The last if the verified opcodes is pvsmix which does a spectral mix of two signals, taking the largest amplitude from each matching pair of bins
instr 5 a2 diskin2 "latedemo.wav", 1 f2 pvsanal a2,1000,1,1000,1 asig in fsig pvsanal asig,1000,1,1000,1 fs pvsmix fsig, f2 acln pvsynth fs out acln endin
Converted but Untested Transformations
It is only time that has not permitted the full checking of these opcode.Another filtering opcode pvsfilter filters one stream according to a second. The code for this is included in the version, as is the cross-synthesis opcode pvscross.
The previous version of pvscent to calculate the spectral centroid of a signal has been changed to return either a k-rate answer or an a-rate one.
pvsbin could return the a-rate values, but so far it is limited to returning the values at that start of each k-cycle.
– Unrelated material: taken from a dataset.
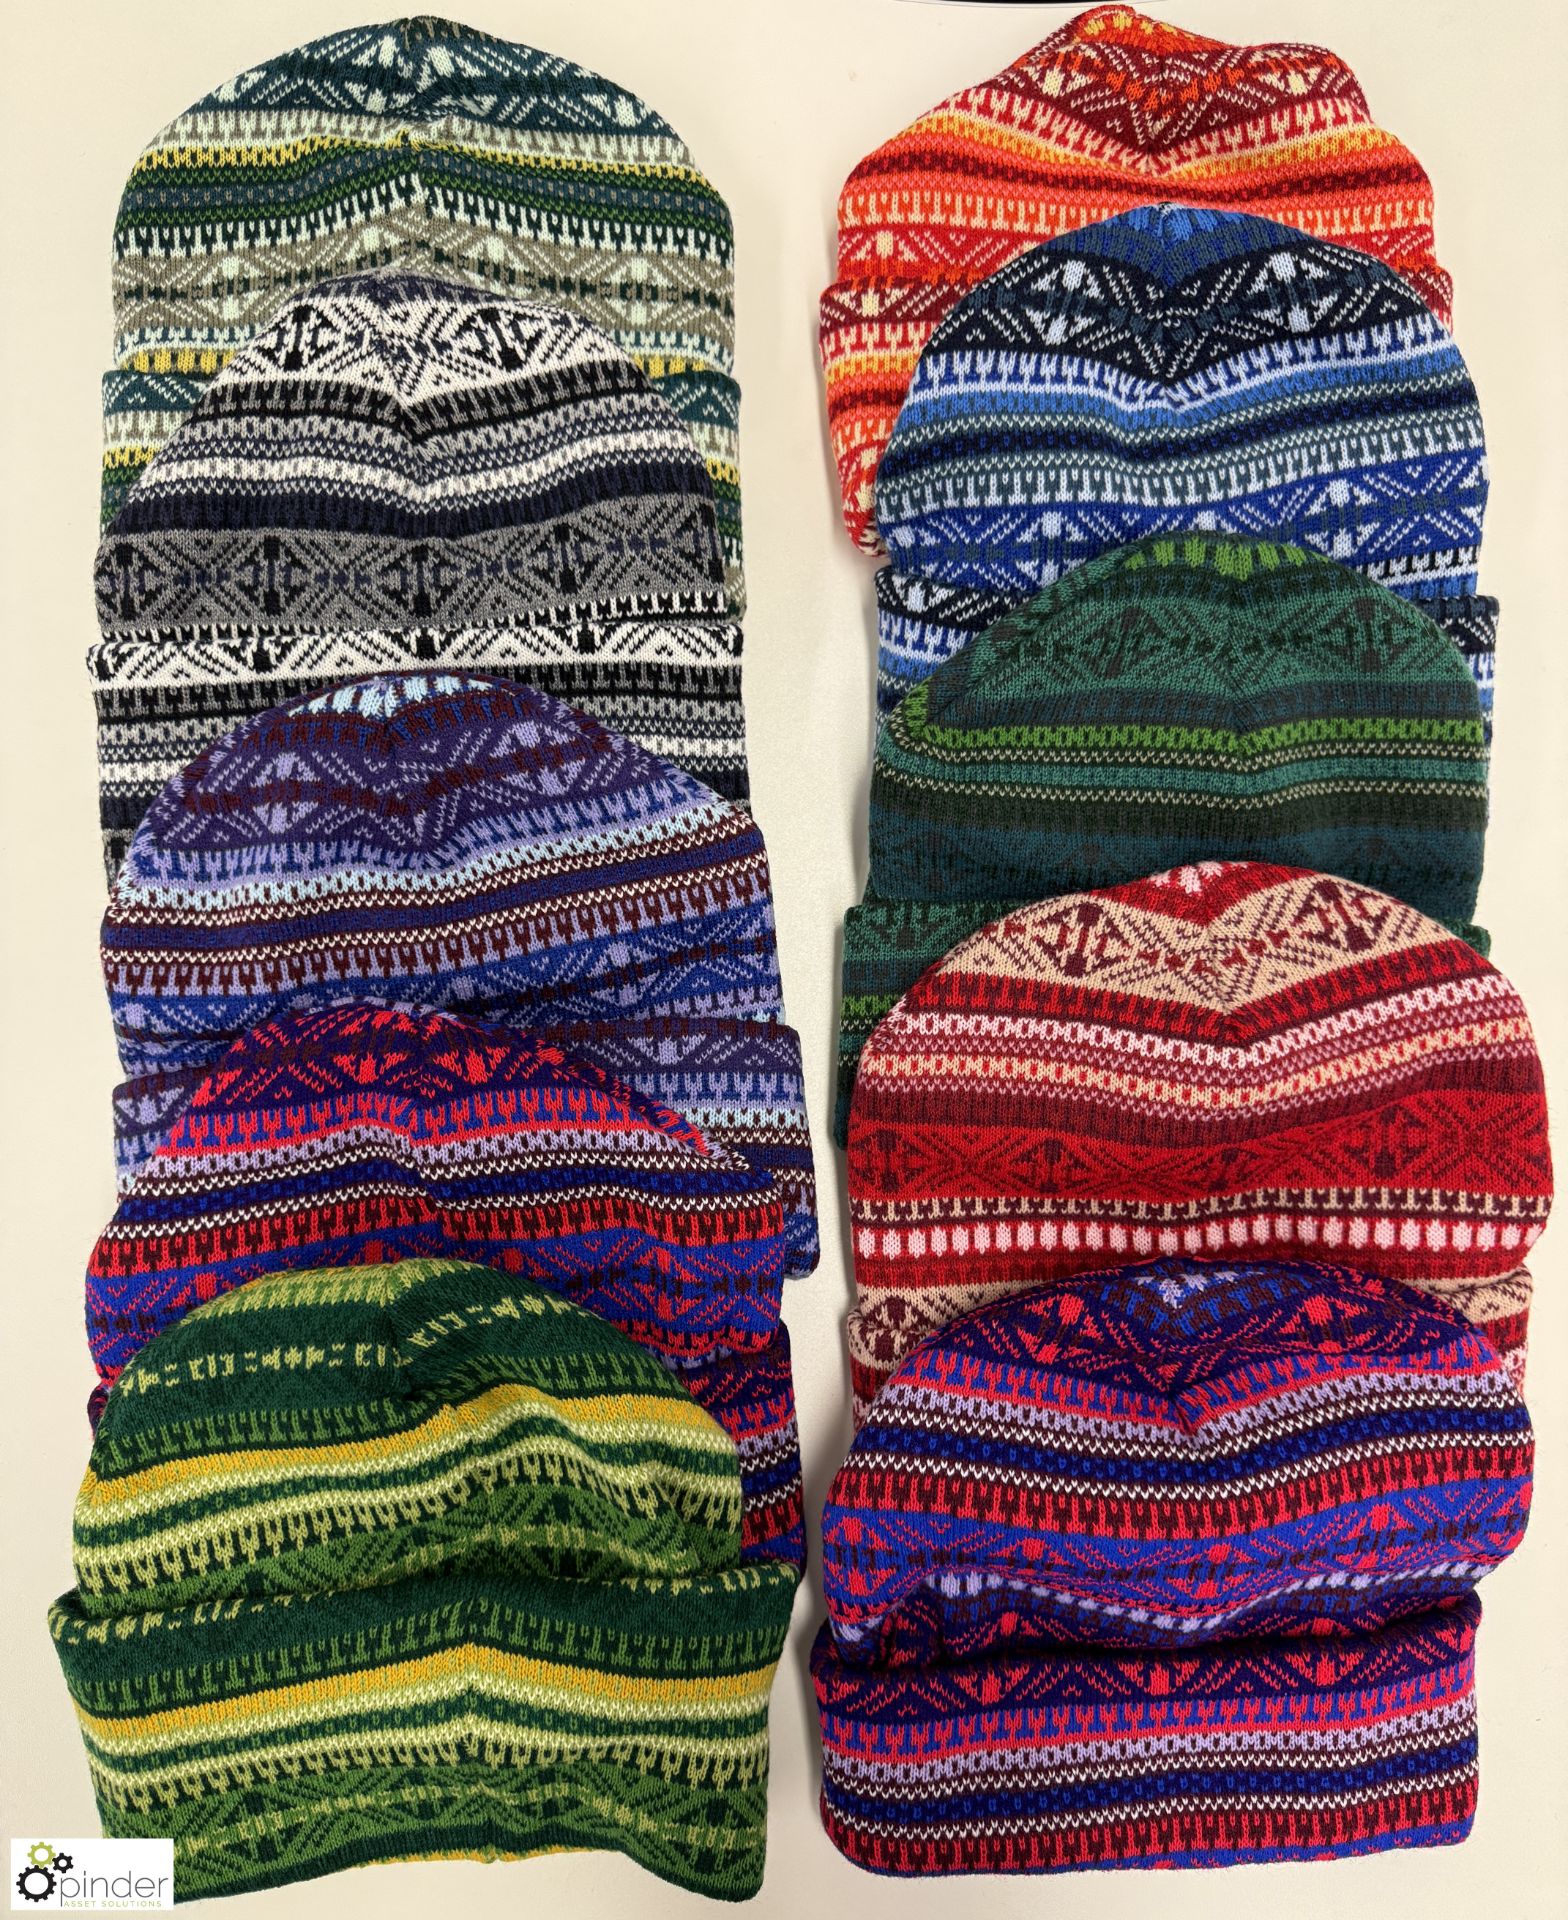 Approx. 250 acrylic multi colour chequered Beanie Hats

The opcodes pvsosc, pvsmaska, pvsblur, pvsinit and pvsmooth have unverified code that may work.
pvsinfo, the information opcode has not been changed, but should work the same. It does not give an explicit statement that it is doing sliding, but the overlap value includes that.
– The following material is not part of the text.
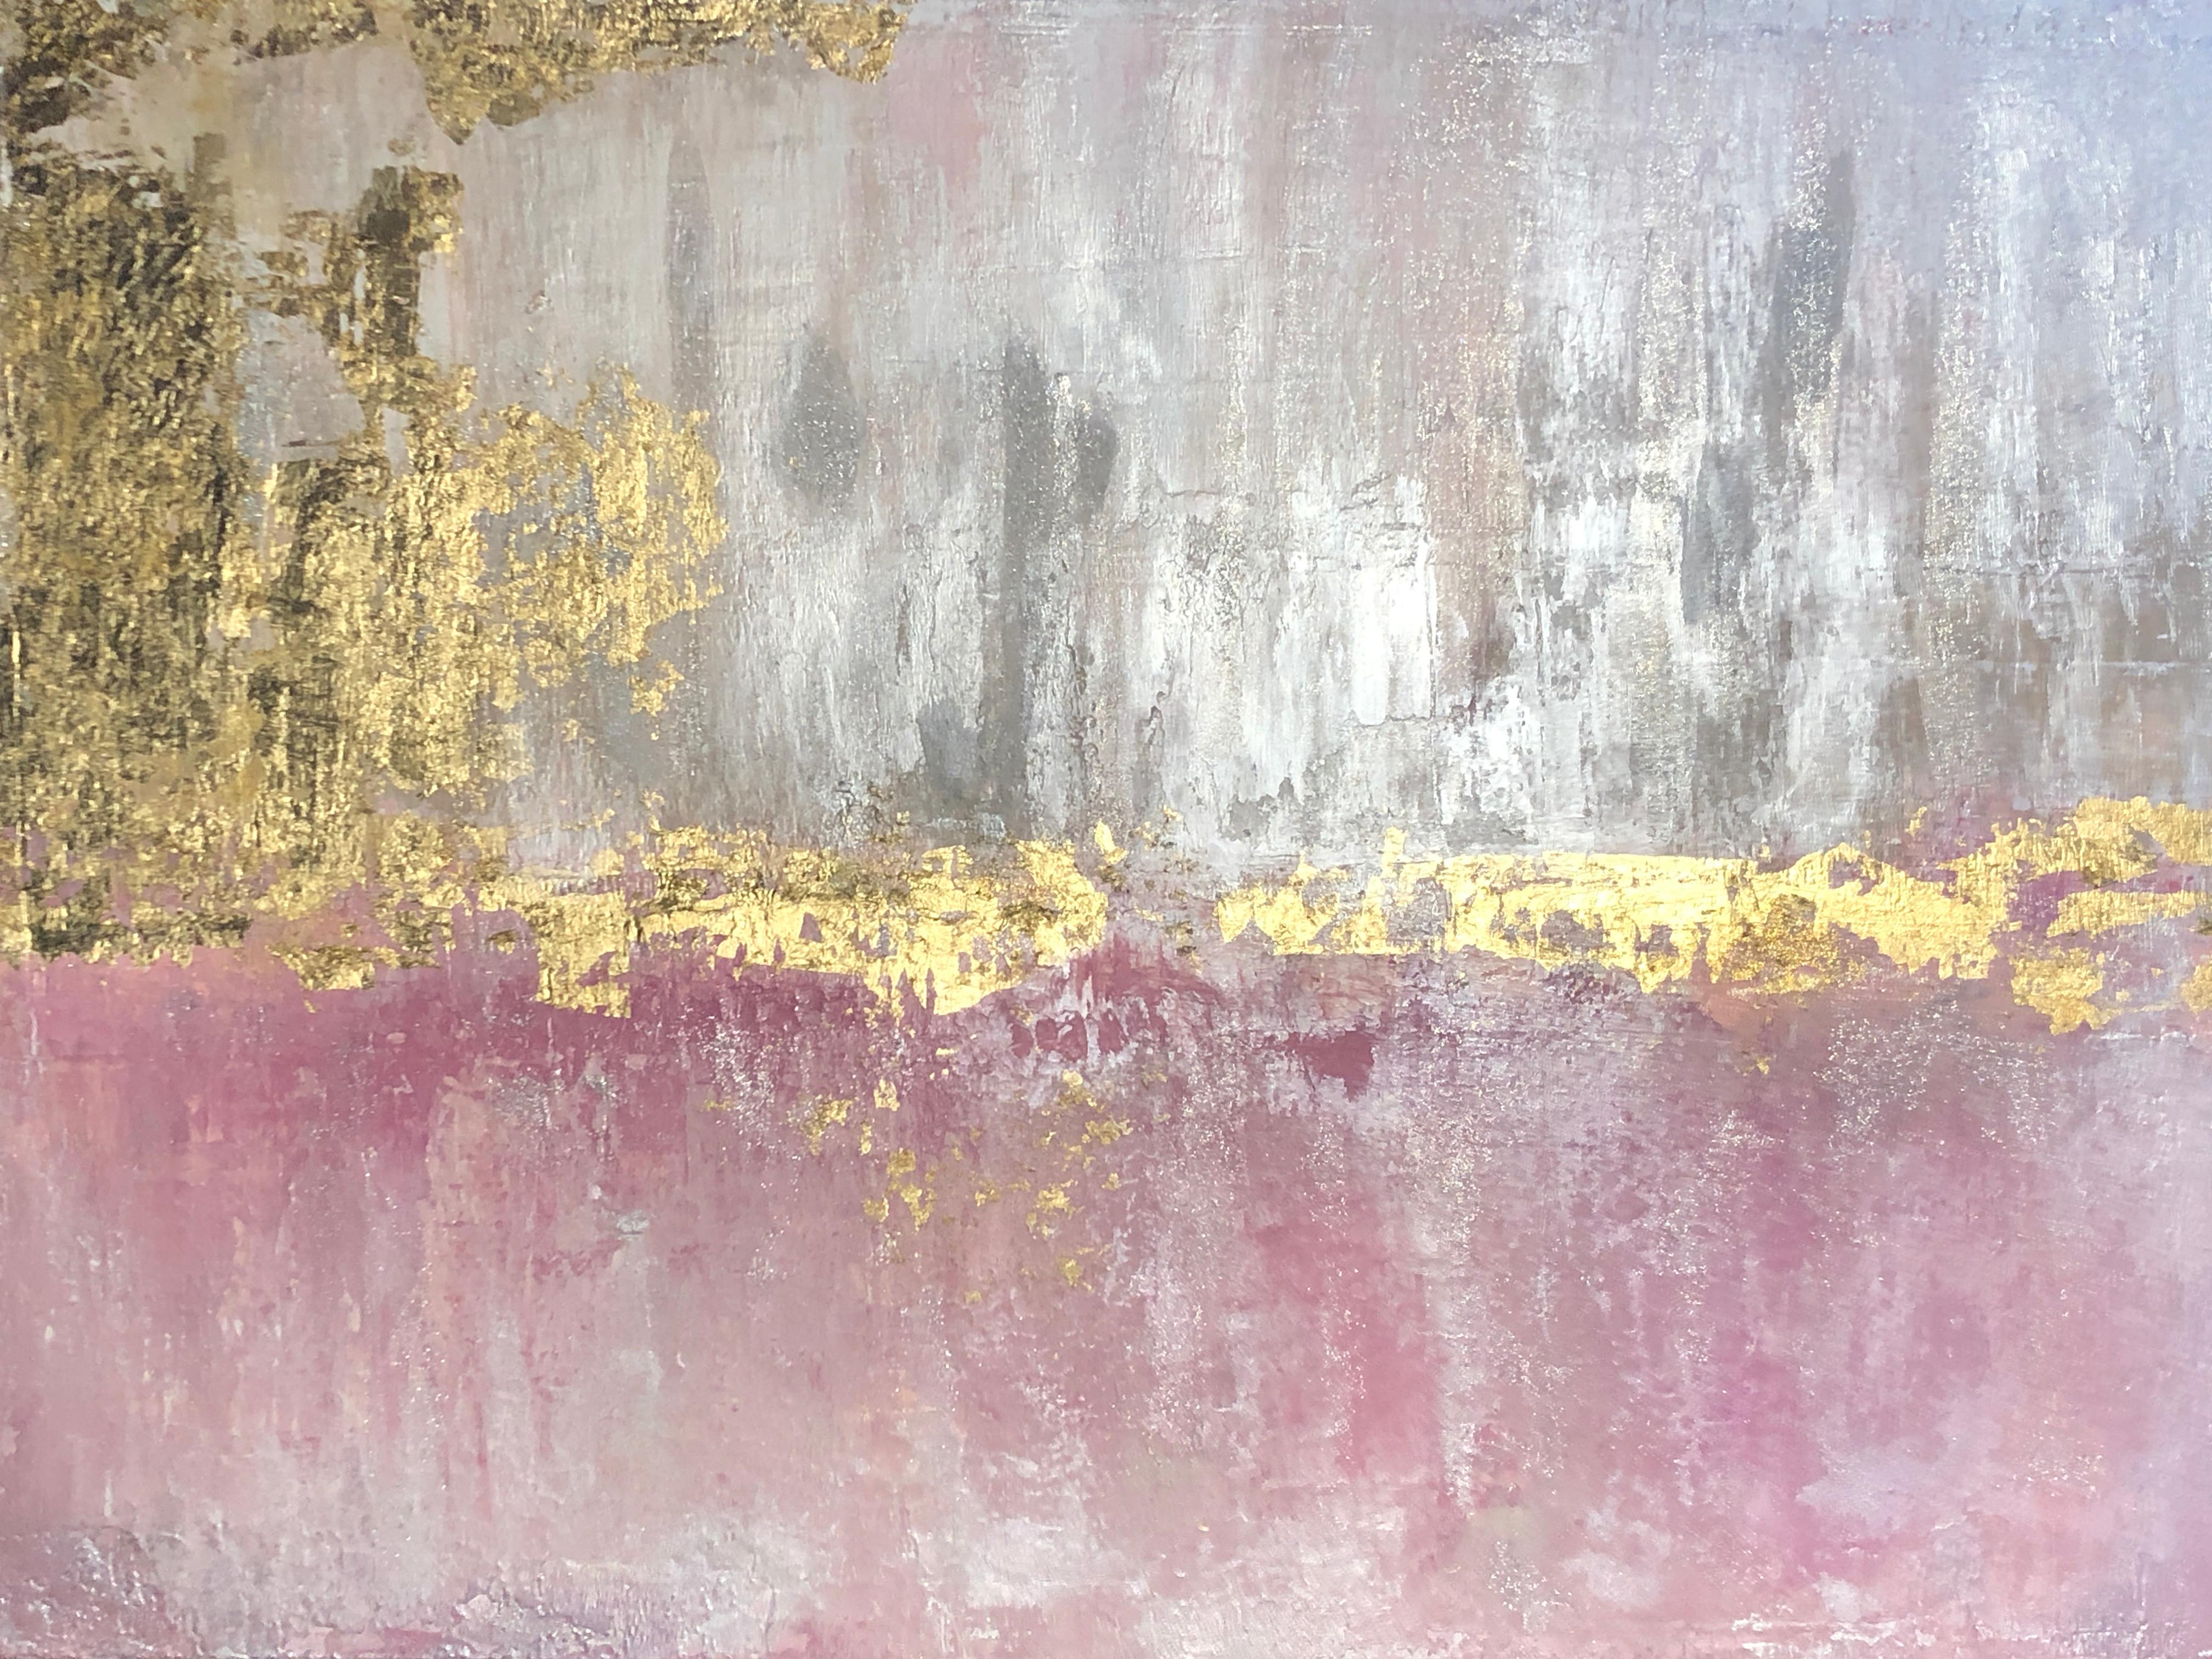 Irena Orlov Interior Painting - Gold Leaf Pink Silver Abstract Textured Art on Canvas 36 x 48" Pink Golden Fog

Non-functional Transformations
The modified opcodes fall into two major categories; those which have just not yet been looked at and those that have major design questions.The first category includes pvsdemix, pvsmorph, pvspitch, pvsifd, and pvsarp.
The problematic opcodes are those that read and write, as the data from the sliding variant is much larger. Reading externally generated PVOC-EX data will not work either, unless that is generated at 1 sample overlap, and the utility to do that needs to be written. The opcodes here are pvsdiskin, pvsftr, pvsftw, pvsfread, pvsin, pvsout, pvsdisp, pvsfwrite, pvsvoc, pvsbuffer, and pvsbufread.
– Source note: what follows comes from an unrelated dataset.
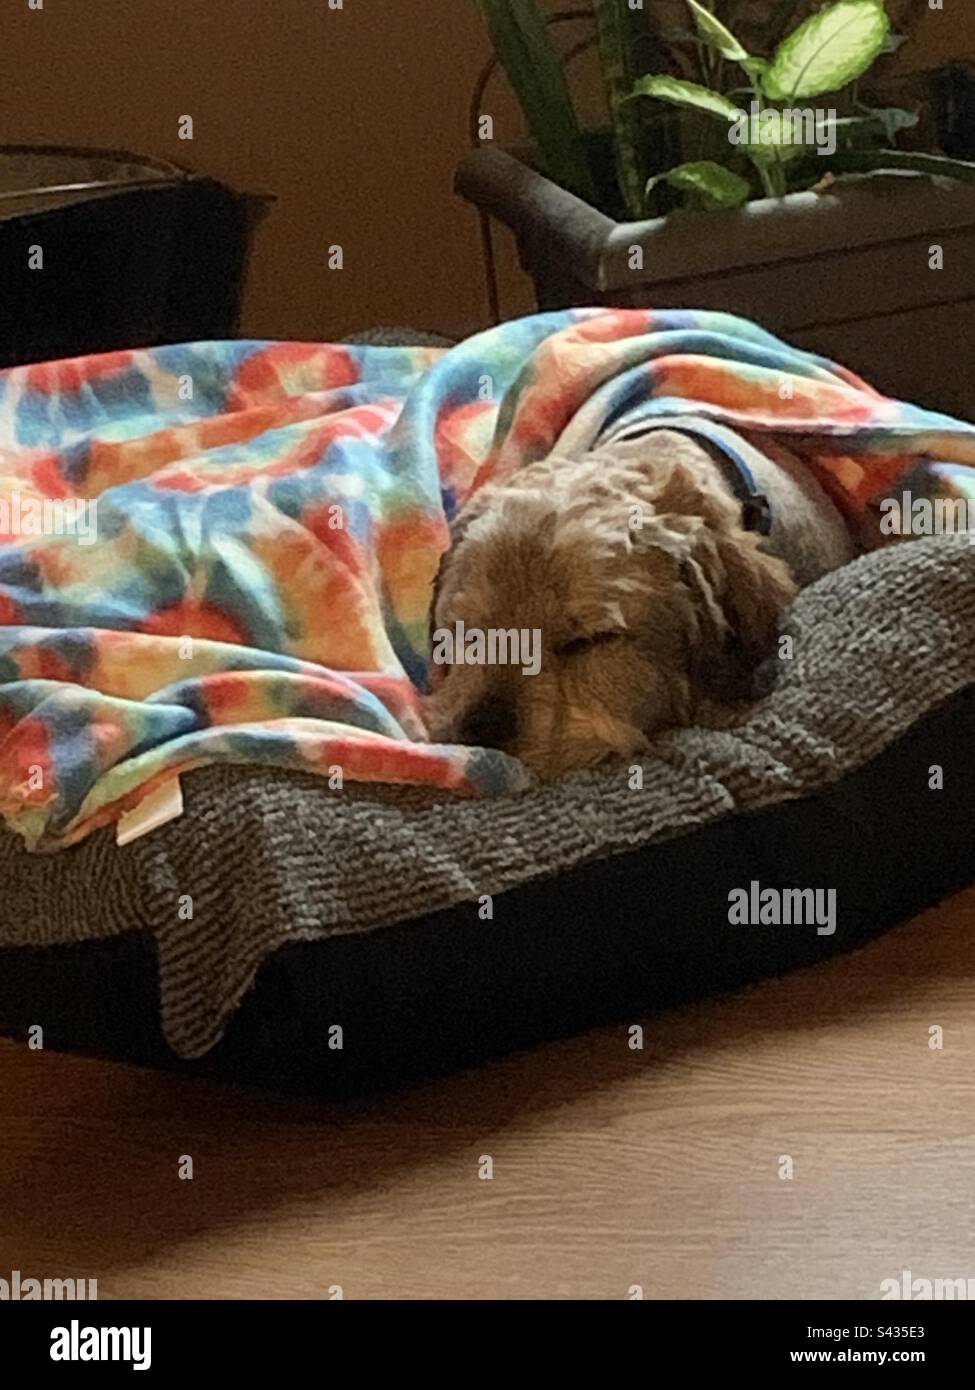 Sleeping dog covered up on their dog bed. Stock Photo

And I just do not know what should be done with pvsadsyn as we are already using an oscillator-bank to reconstruct.
IV. Some Thoughts
Clearly this is work in progress. The untested opcodes will be tested
soon, and the opcodes I failed to notice initially will get looked
at. What to do about read/write and external data needs some
reflection and advise.
There is also one important caveat. This process is not fast. I will repeat that: THIS PROCESS IS NOT FAST, and so do not expect to use it in real-time performance, at least until hardware improves and our next research project is funded.
More technical information about the process can be found in the slides presented at ICMC2007 which are available here with audio examples.
Acknowledgements
That to the Arts and Humanities Research Council for their confidence in our work, and for their funds. The work described here is the result of collaboration between myself, Russell Bradford a mathematician) and Richard Dobson (a musician). The words here are mine, but the insights and inspirations of my collaborators cannot be underestimated.I would also like to thank all the members of the Csound community who, knowingly or otherwise, have encouraged me in this area. I will mention especially Victor Lazzarini and Rick Boulanger in this regard, who both had a larger part than they realise.